Моё интервью с Жоресом Алфёровым (окончание)
В.Ш. Вы несколько раз говорили о том, что наука интернациональна по своей природе и что ученые помогают друг другу. Меня всегда удивляло, что в самые глухие годы "холодной войны" между учеными СССР и США существовало постоянное взаимодействие. Но в последнее время стало очень модным, как в спорте считать золотые медали на Олимпиадах, так и в науке считать Нобелевских лауреатов. Обыватели наблюдают за вручением Нобелевской премии как за некоей ярмаркой тщеславия — чьих лауреатов больше? Чем же сегодня является наука? Это место битвы, некая война между научными глыбами национальных школ — американской, российской или немецкой, или все-таки сохраняется понятие единства науки?

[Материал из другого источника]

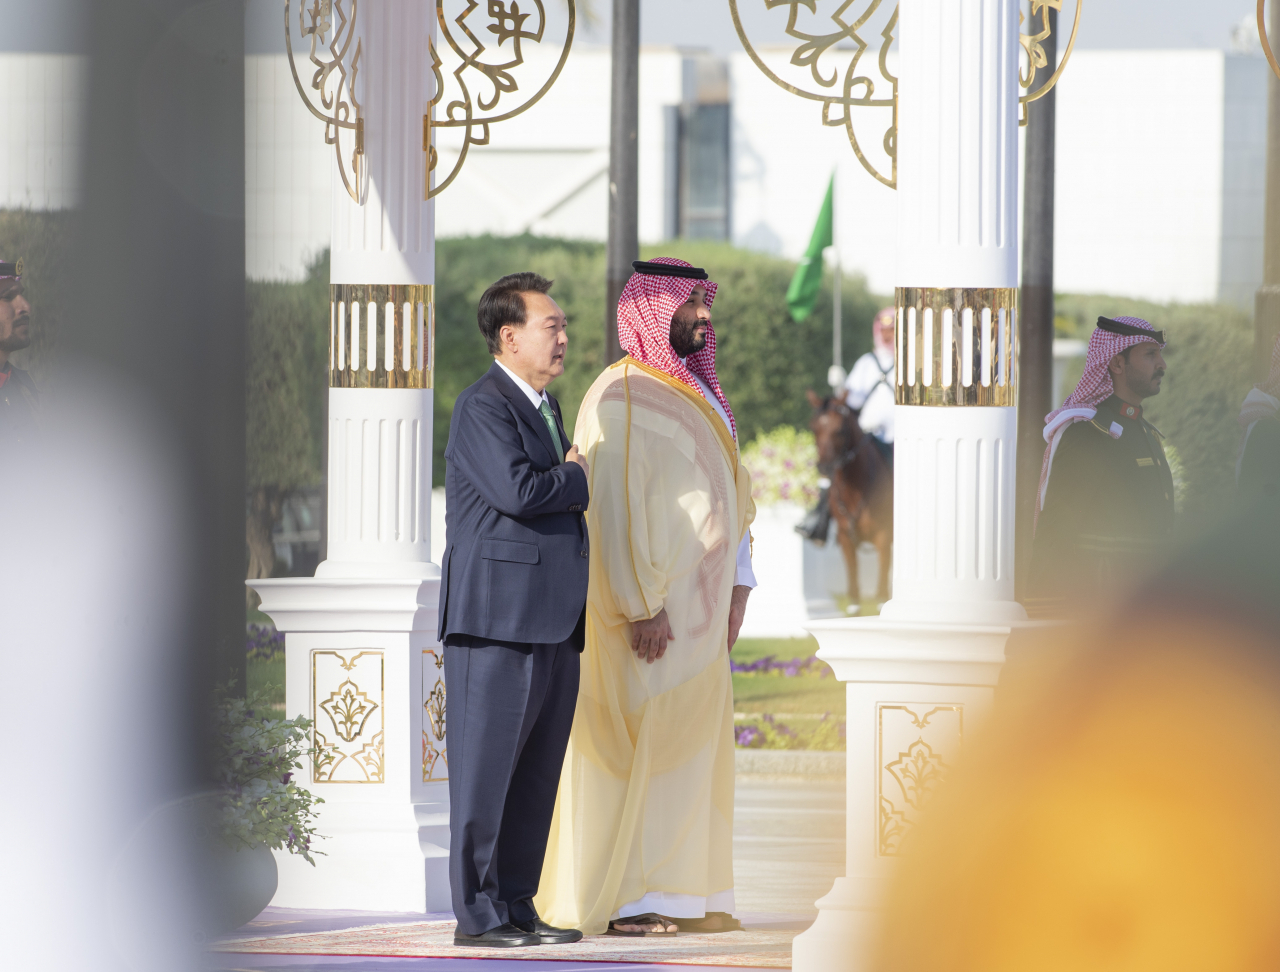 President Yoon Suk Yeol, who is on a state visit to Saudi Arabia, salutes the South Korean national flag with Crown Prince Mohammed bin Salman at the official welcoming ceremony held at Al Yamamah Palace in Riyadh on Sunday. (Yonhap)

Ж.А. Вы правильно отметили. Даже в самые напряжённые годы разгара "холодной войны" личные отношения между советскими и американскими физиками были прекрасными. Мы старались проводить совместные симпозиумы, семинары, встречи. Еще в конце 50-х годов Александром Николаевичем Несмеяновым было подписано соглашение, а затем Мстиславом Всеволодовичем Келдышем было подписано очень хорошее соглашение между Национальной академией наук США и Академией наук СССР. Мы обменивались научными сотрудниками. Например, я по этому соглашению провел полгода в Иллинойском университете. Учёные всегда признавали заслуги друг друга и стремились к научному обмену. Вот одна история, которую я хорошо запомнил. В физике был Нобелевский лауреат, который получал эту премию два раза. Это американский физик-теоретик Джон Бардин. В 1956 году он был удостоен Нобелевской премии за открытие транзистора, а в 1972 году — за теорию сверхпроводимости, которая наконец-то разгадала загадку столетия. Я познакомился с ним в 1960 году на Международной конференции по физике полупроводников в Праге. Я тогда был младшим научным сотрудником, даже не кандидатом наук. Леонид Вениаминович Келдыш, один из крупнейших наших физиков-теоретиков, племянник Мстислава Всеволодовича Келдыша, тоже был младшим научным сотрудником. Мы вместе поехали на эту конференцию. И Джон Бардин в своей заключительной лекции сказал, что эту конференцию правильно было бы назвать конференцией Келдыша — Эсаки (Эсаки открыл туннельный диод, а Келдыш дал теорию туннельного эффекта в полупроводниках). А затем он сказал такие слова, и я люблю их цитировать: "Наука интернациональна, и это хорошо знают ученые, но это нужно постоянно повторять, чтобы это хорошо понимала обычная публика. Интернациональна физика полупроводников. Она создана такими людьми, как Вилсон и Мотт в Великобритании, Вагнер и Шоттки в Германии, Иоффе и Френкель в СССР". Я был очень горд, что он назвал имена наших замечательных физиков, к тому же из нашего Ленинградского физтеха.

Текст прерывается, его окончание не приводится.